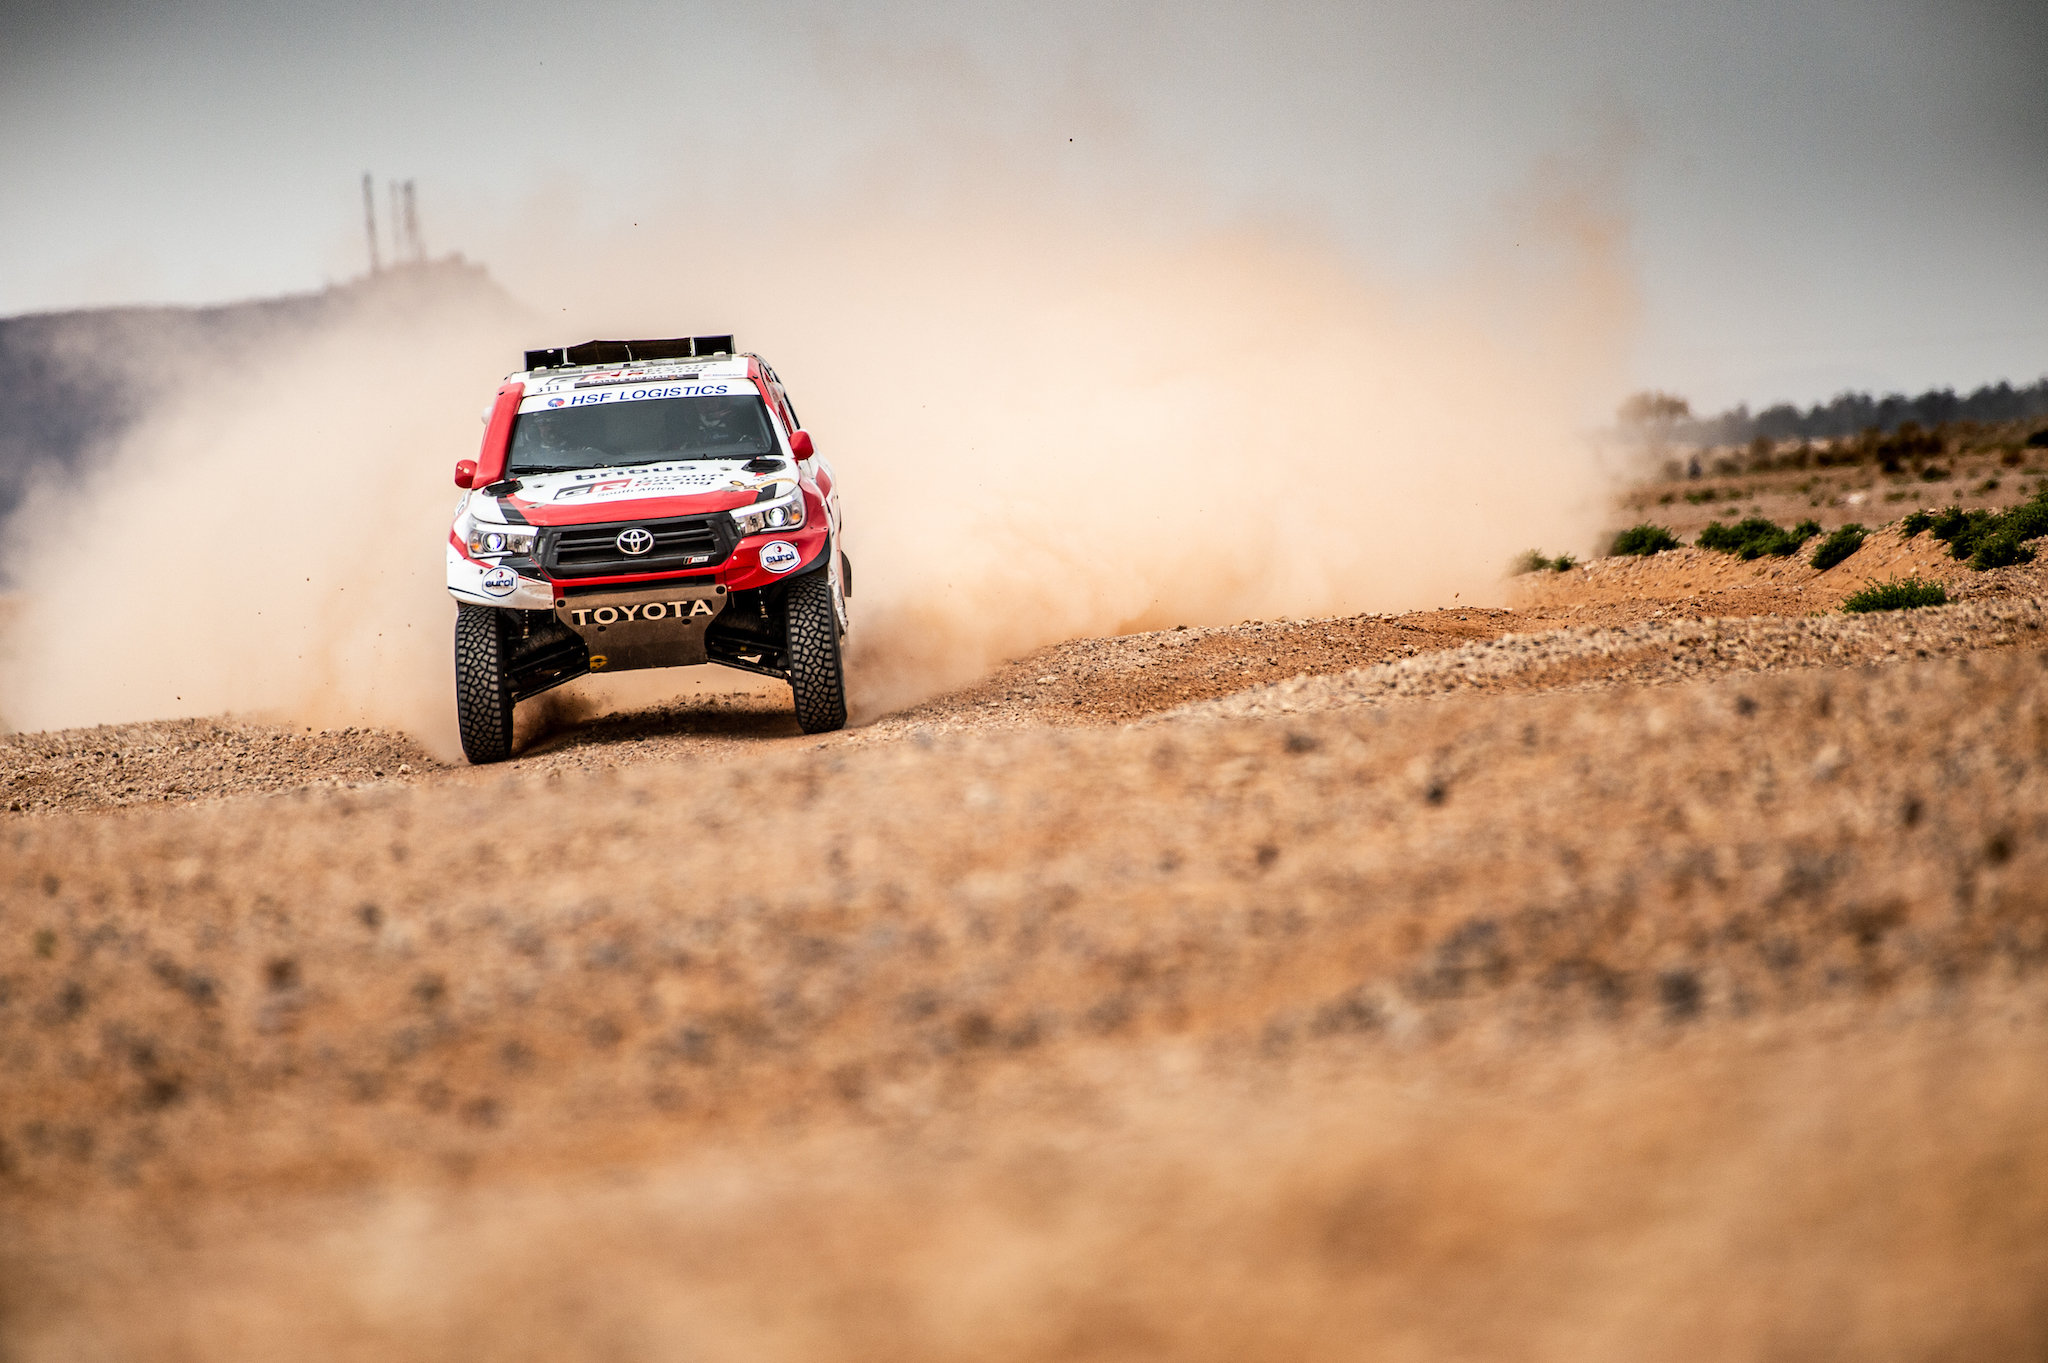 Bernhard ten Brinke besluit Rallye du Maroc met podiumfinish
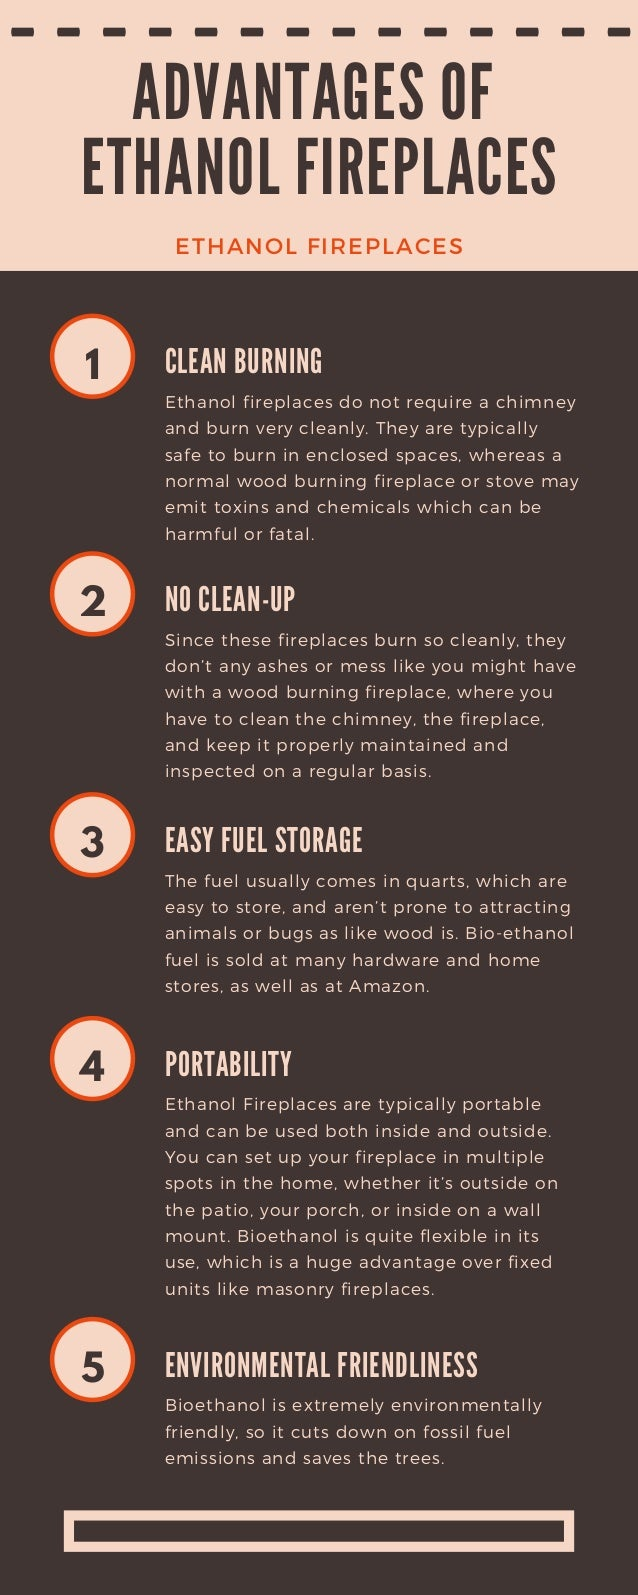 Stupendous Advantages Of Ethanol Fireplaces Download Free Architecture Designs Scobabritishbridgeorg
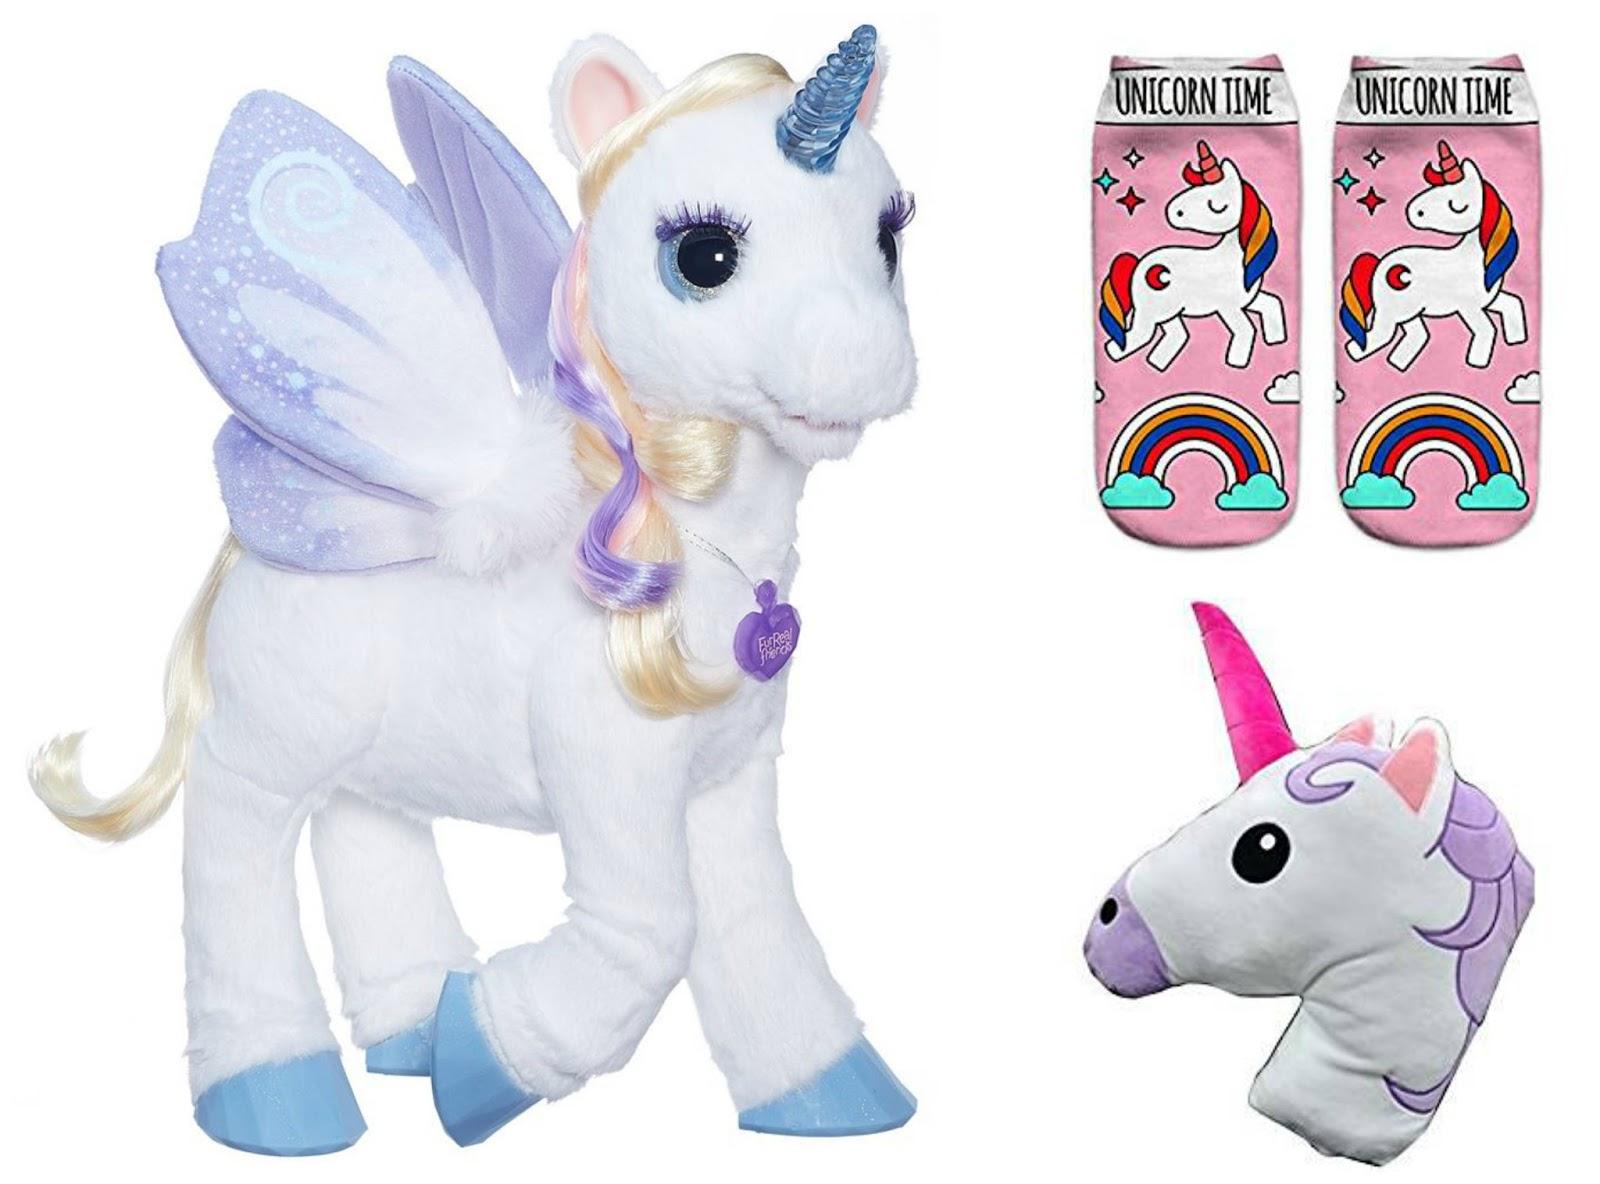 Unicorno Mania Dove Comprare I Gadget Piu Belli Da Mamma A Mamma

■ ■ ■ ■ ■ ■ ■

Exercise prompt:
Leaving the pictures out, print every line of the listing exactly.

Response to this task:
 Bernhard ten Brinke besluit Rallye du Maroc met podiumfinish
 Stupendous Advantages Of Ethanol Fireplaces Download Free Architecture Designs Scobabritishbridgeorg
 Unicorno Mania Dove Comprare I Gadget Piu Belli Da Mamma A Mamma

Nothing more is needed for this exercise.